- **Dataset extract**
▬▬▬▬▬▬
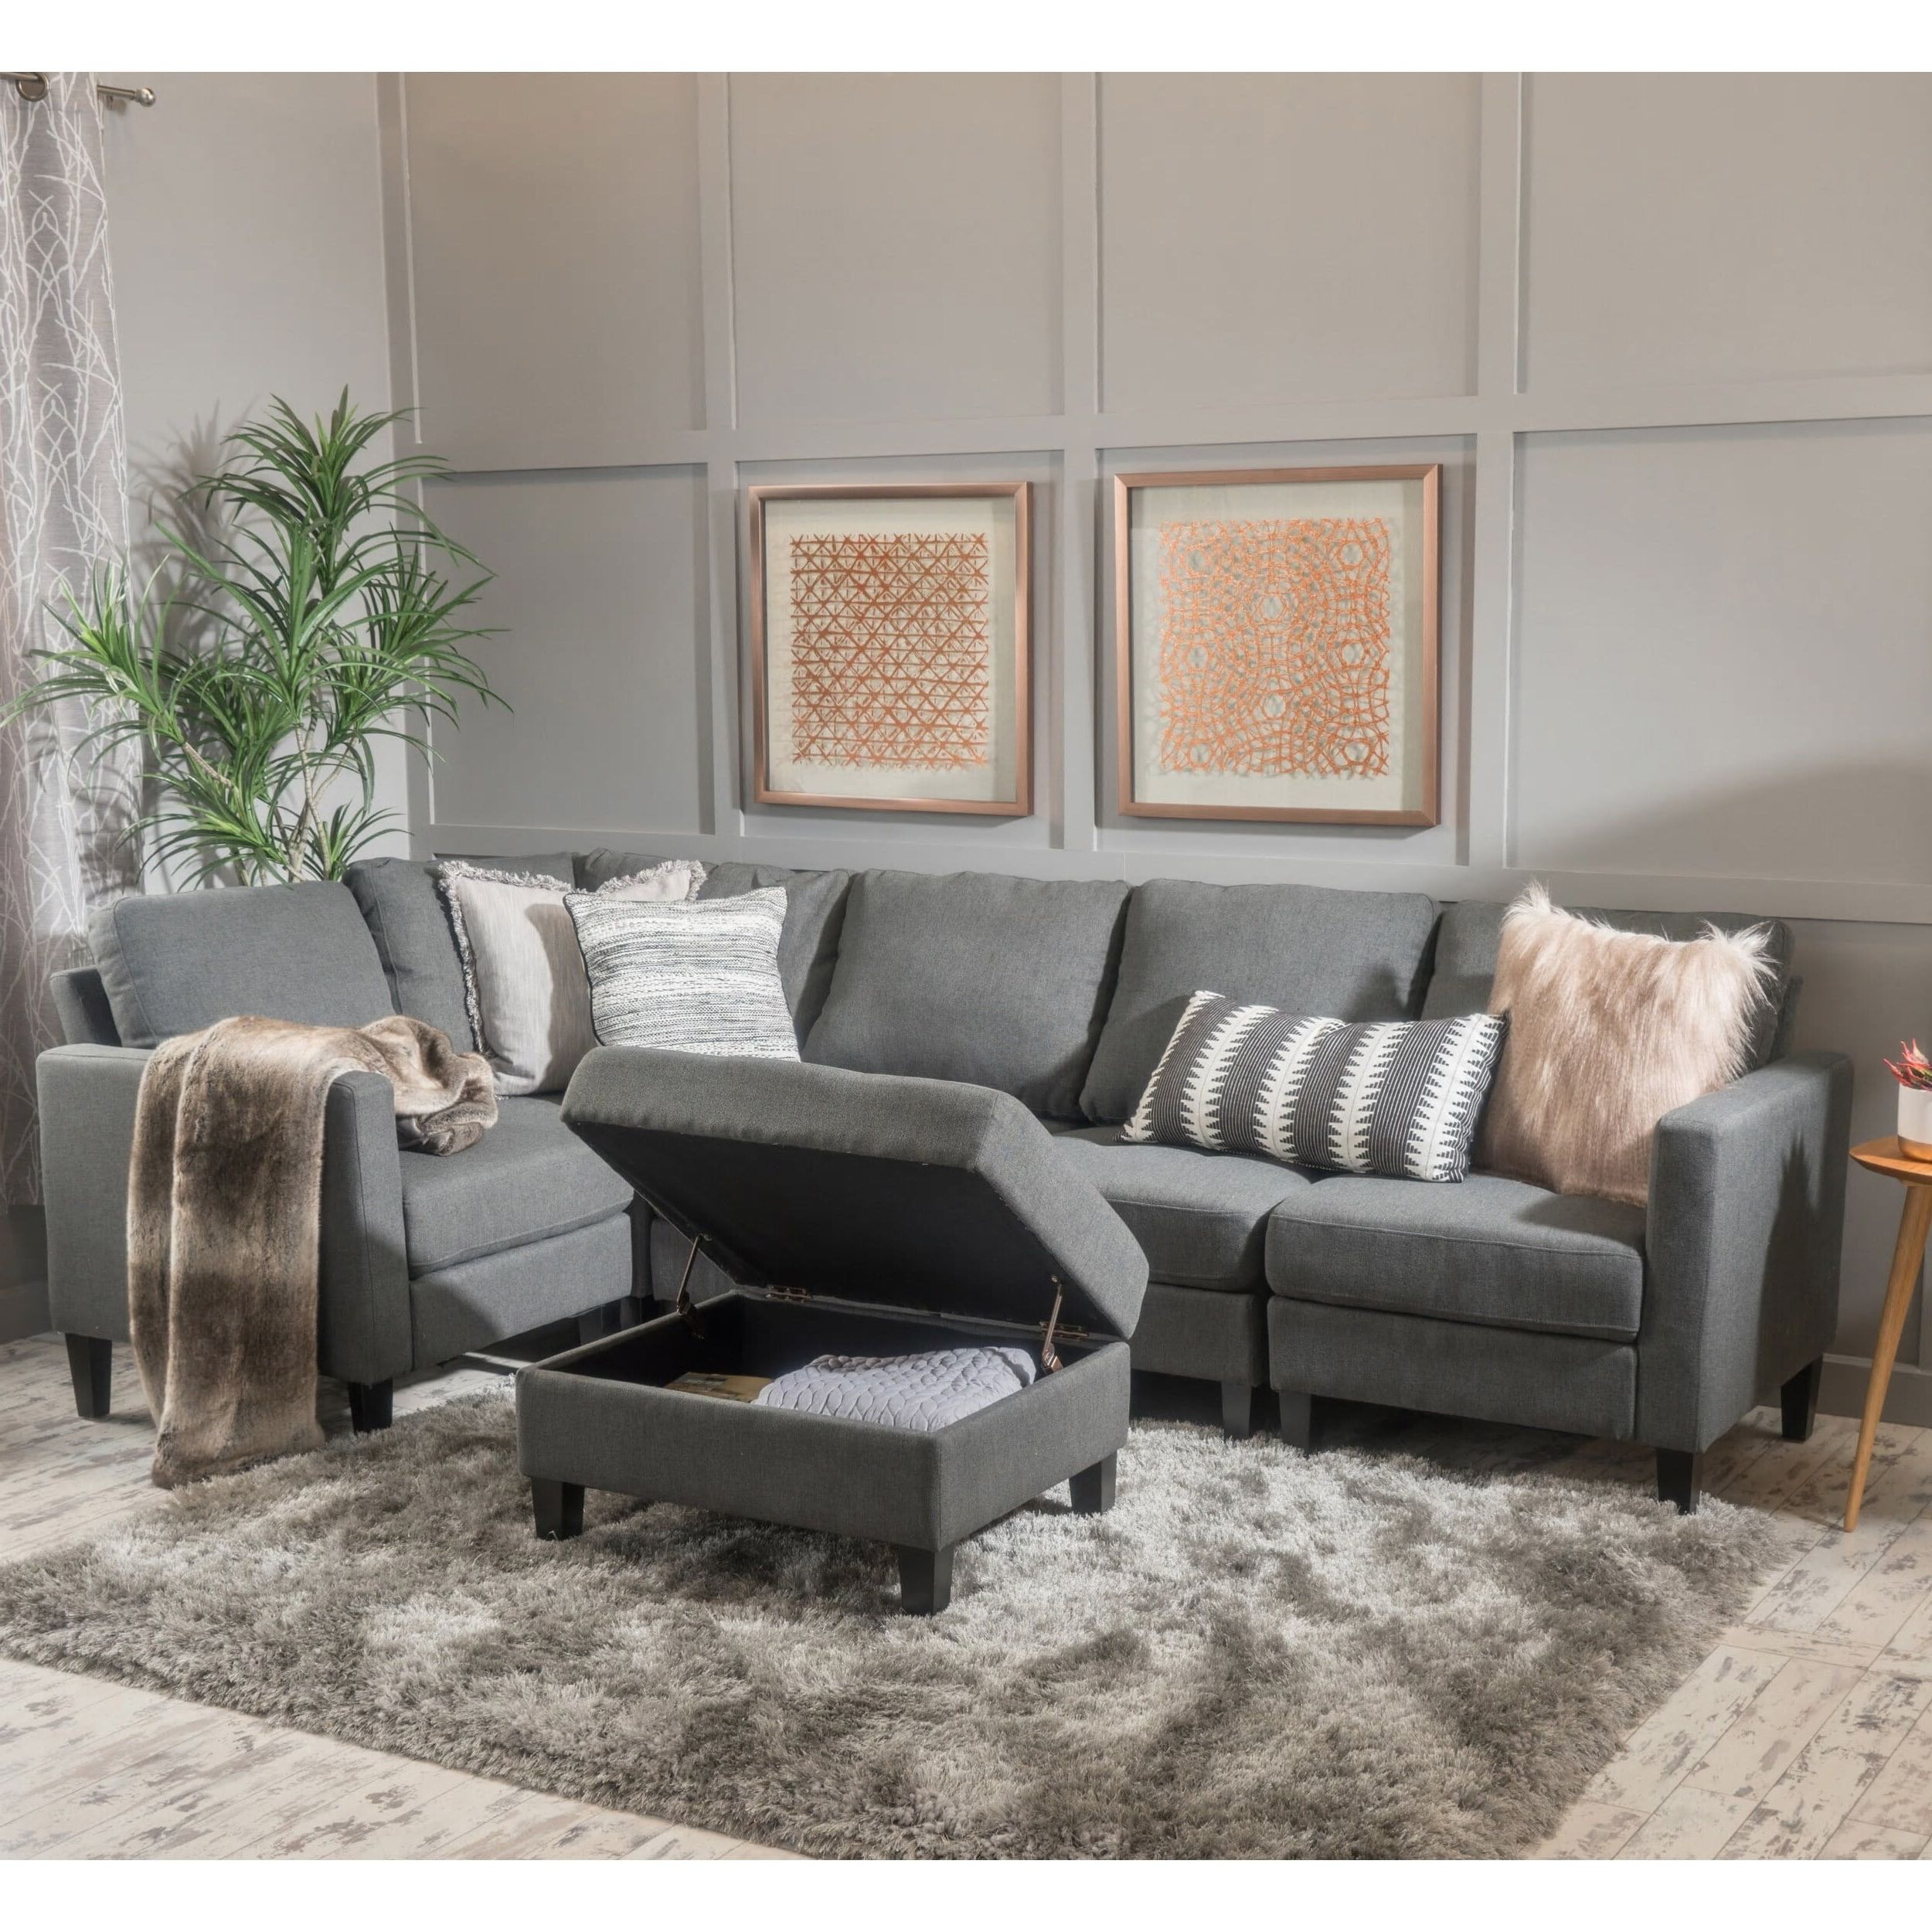 Christopher Knight Home Zahra 6 Piece Sofa Sectional With Storage With Sofas With Ottomans (Gallery 5 of 20)
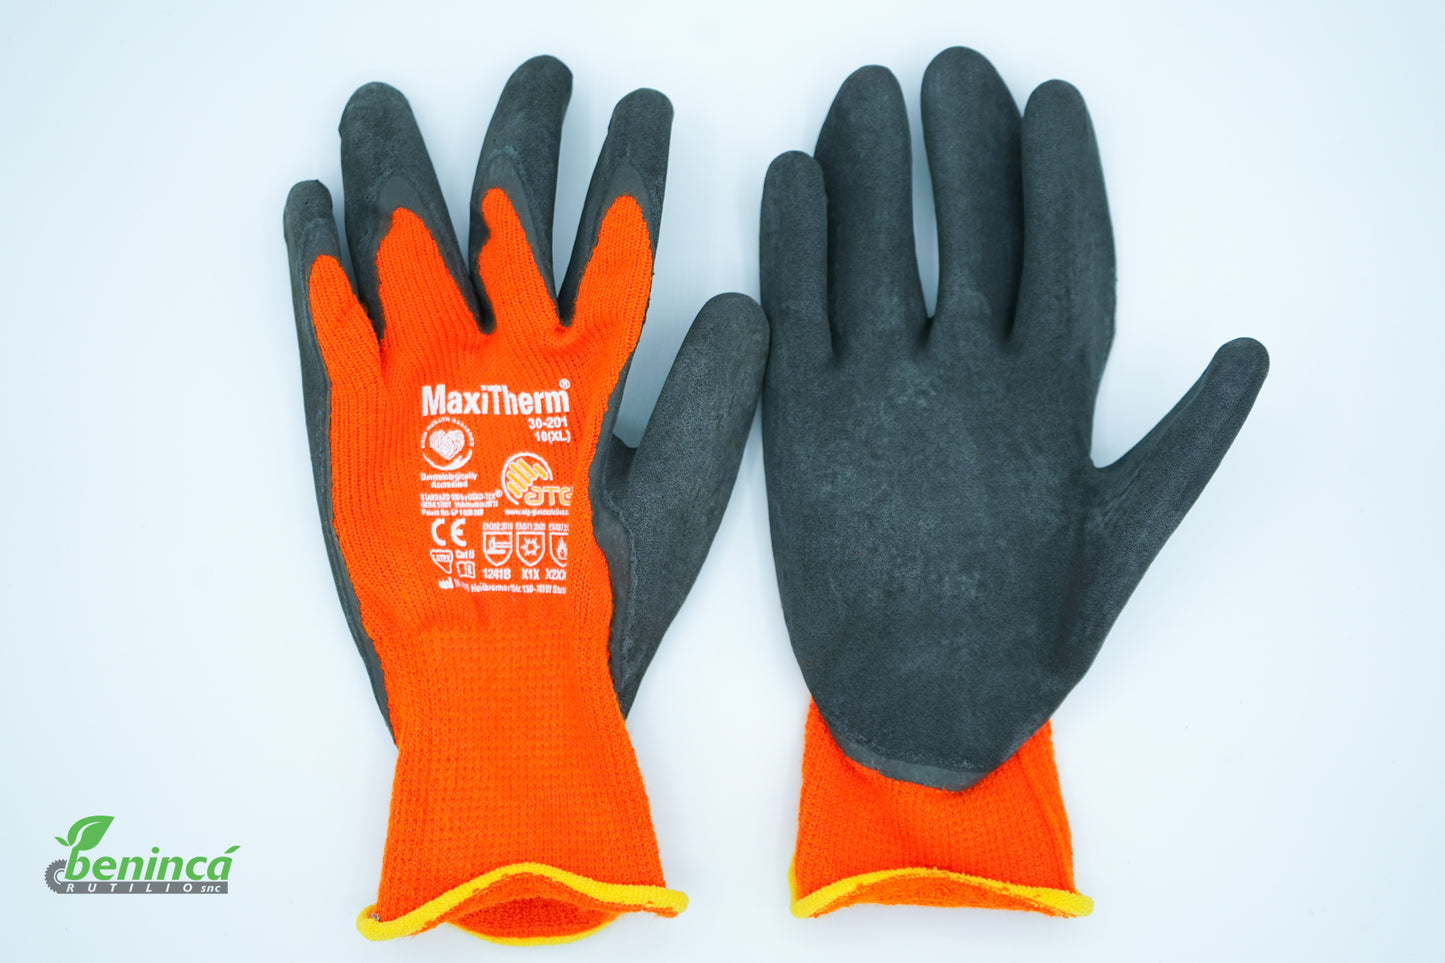 MaxiTherm winter gloves
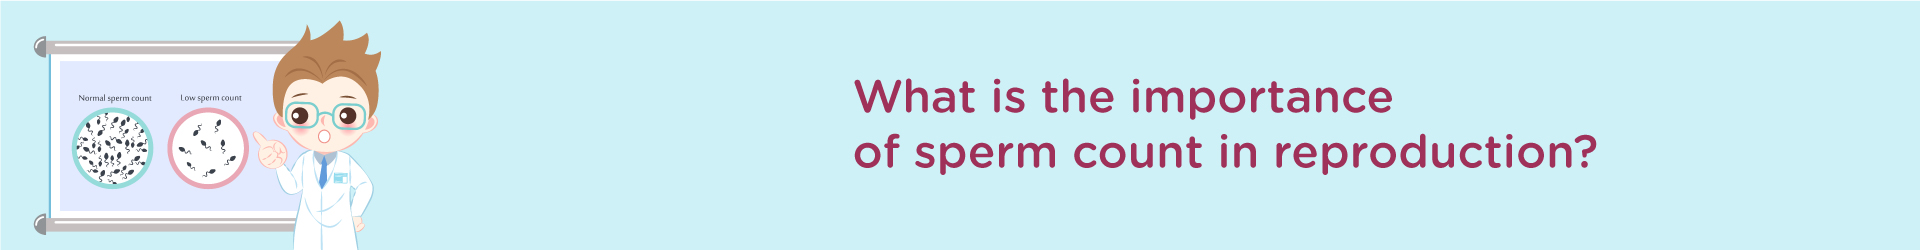 What is the Importance of Sperm Count in Reproduction?
▬▬▬▬▬▬
- **Task item**
Every line of the listing is to be retyped exactly; pictures stay out.

- **Result of this exercise**
 Christopher Knight Home Zahra 6 Piece Sofa Sectional With Storage With Sofas With Ottomans (Gallery 5 of 20)
 MaxiTherm winter gloves
 What is the Importance of Sperm Count in Reproduction?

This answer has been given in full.